Our working methods were similar to those commonly used for the consensus definitions and grading of evidence for the treatment recommendations. The main limitation of the current document is the lack of objective measures for GI function/dysfunction. As the evidence in this field is scarce, the definitions are largely based on expert opinion. Therefore, in case new established measures to assess GI function/dysfunction become available, proposed definitions need to be revised. The complete description of diagnostic procedures for conditions underlying AGI is not provided in the current manuscript, common clinical approach is presumed.

Our grading system is not based on a certain numeric variable and is not validated. With no doubt further research is needed to establish the measures of GI function that could be used in a reproducible manner for grading GI function. At present, the descriptions of the grades of AGI are complicated and the same grade of AGI may have different clinical expressions. It is likely that the score will in some extent be dependent on the treatment applied. In fact, other organ dysfunction scores (e.g. SOFA score) have also been developed first, and only validated afterwards. Moreover, the cardiovascular sub-score of SOFA [13], known to be the most performing among all the sub-scores, is defined as a mean arterial pressure and the usage/dosage of vasoactive/inotropic agents, where the last part is clearly dependent on the local treatment traditions.
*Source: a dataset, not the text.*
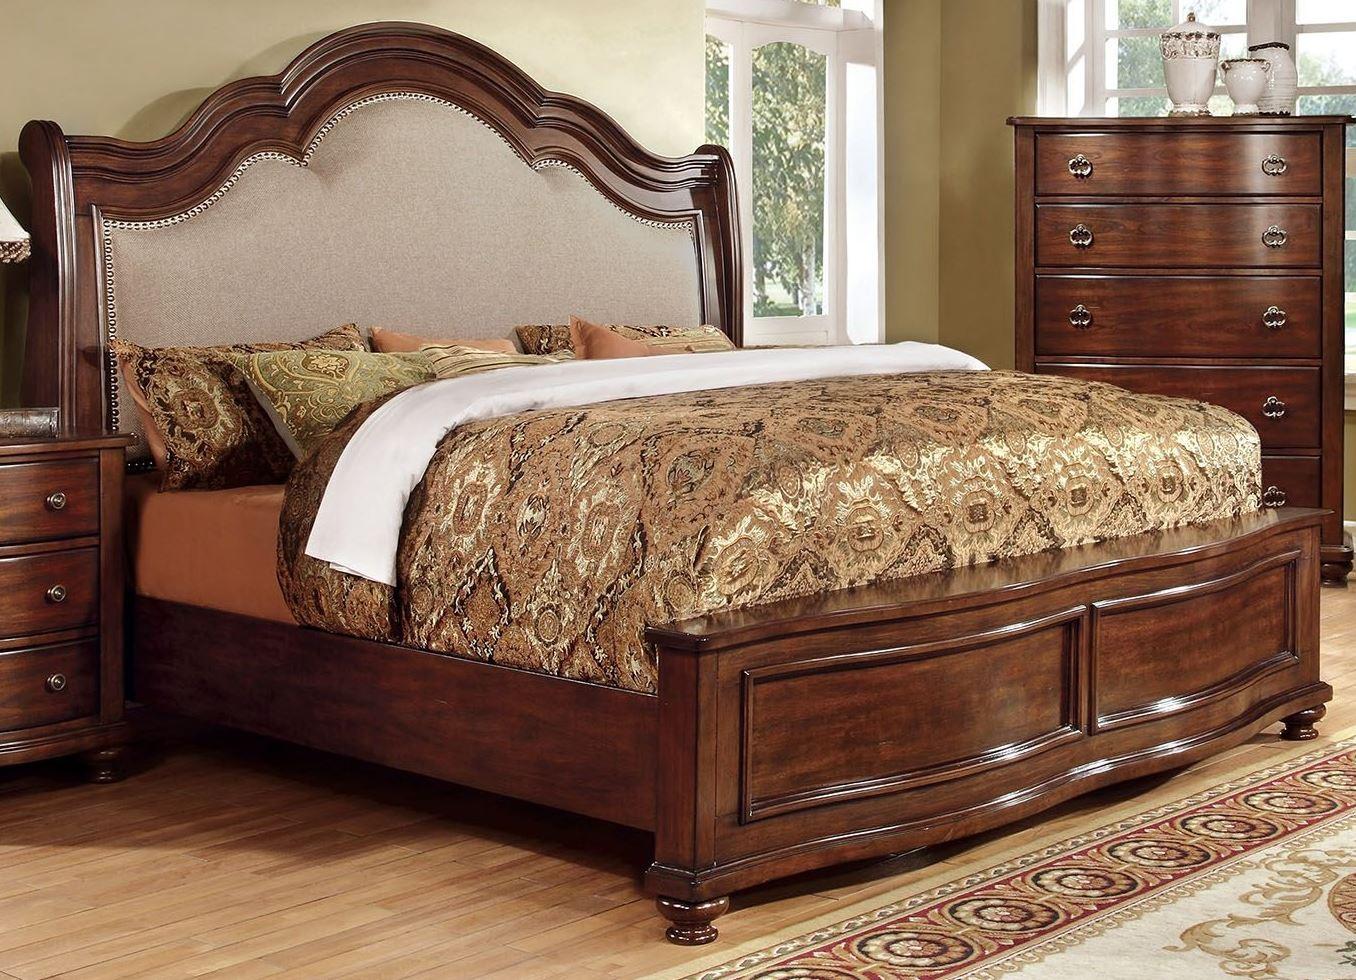 Bellavista Brown Cherry Bedroom Set From Furniture Of America Cm7350q Bed Coleman Furniture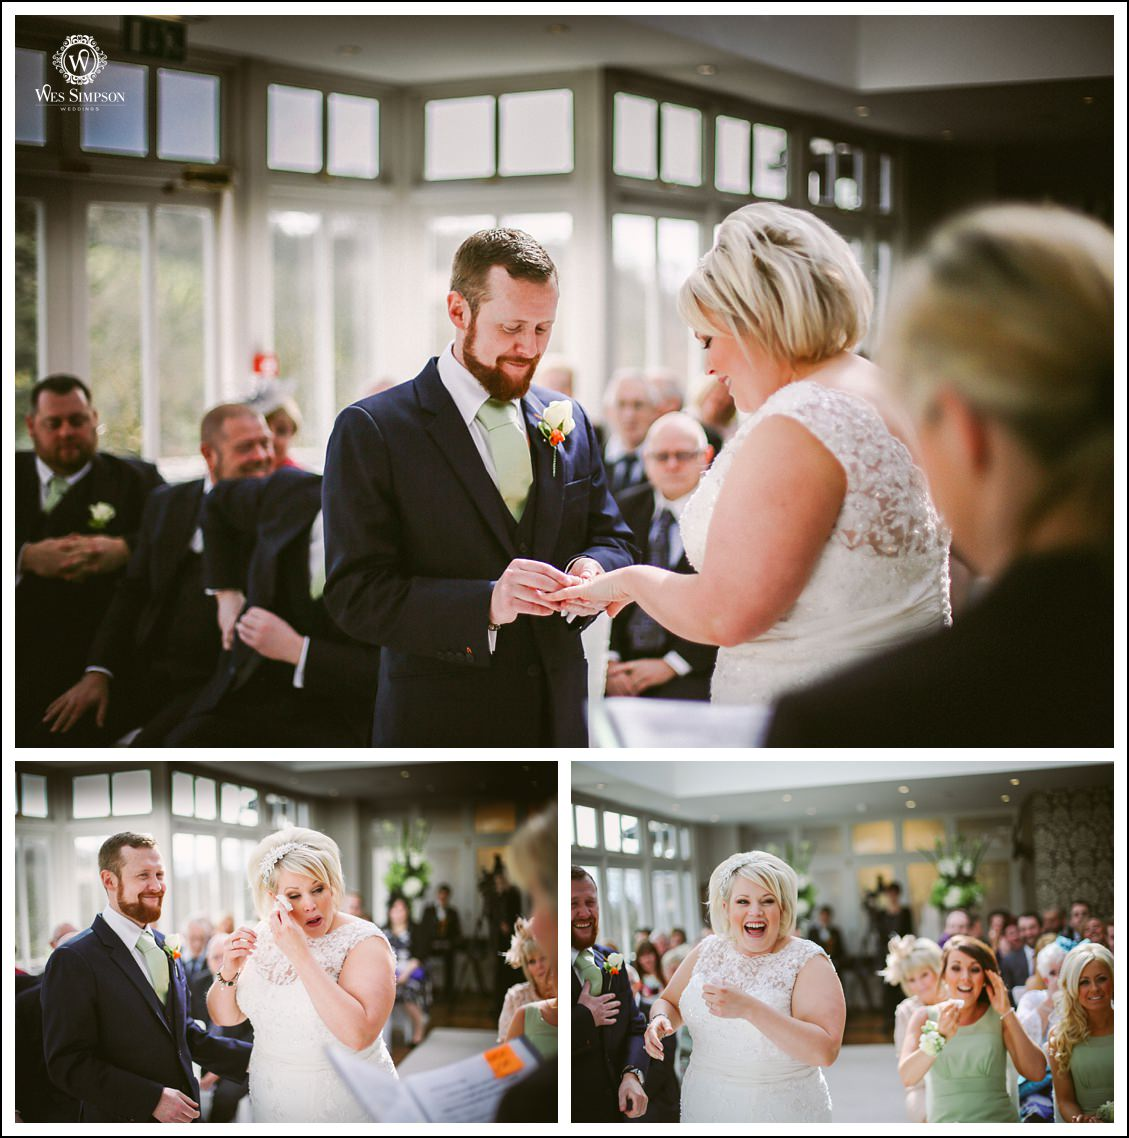 Broadoaks wedding venue, Lake District wedding photographer, Windermere, Wes Simpson photography_0035

Despite the many well-known limitations which have been restraining the development in this area for so long, we need to move forward, and we suggest to start with the definitions proposed in this paper.


The terminology and definitions provided herein should allow better clinical communication as well as comparison between future studies. Defining the specific variables is the first step in a process towards better knowledge in this area. We propose a definition of acute gastrointestinal injury (AGI) with four grades of severity. AGI grade I stands for a self-limiting condition with increased risk of developing GI dysfunction or failure; AGI grade II (GI dysfunction) is a condition requiring interventions to restore GI function; AGI grade III (GI failure) is a condition when GI function cannot be restored with interventions; and AGI grade IV is dramatically manifesting GI failure, which is immediately life-threatening.

The WGAP of ESICM suggests using the proposed definitions until the results of a broader consensus are available. We encourage research to define explicit characteristics of GI function in critically ill patients.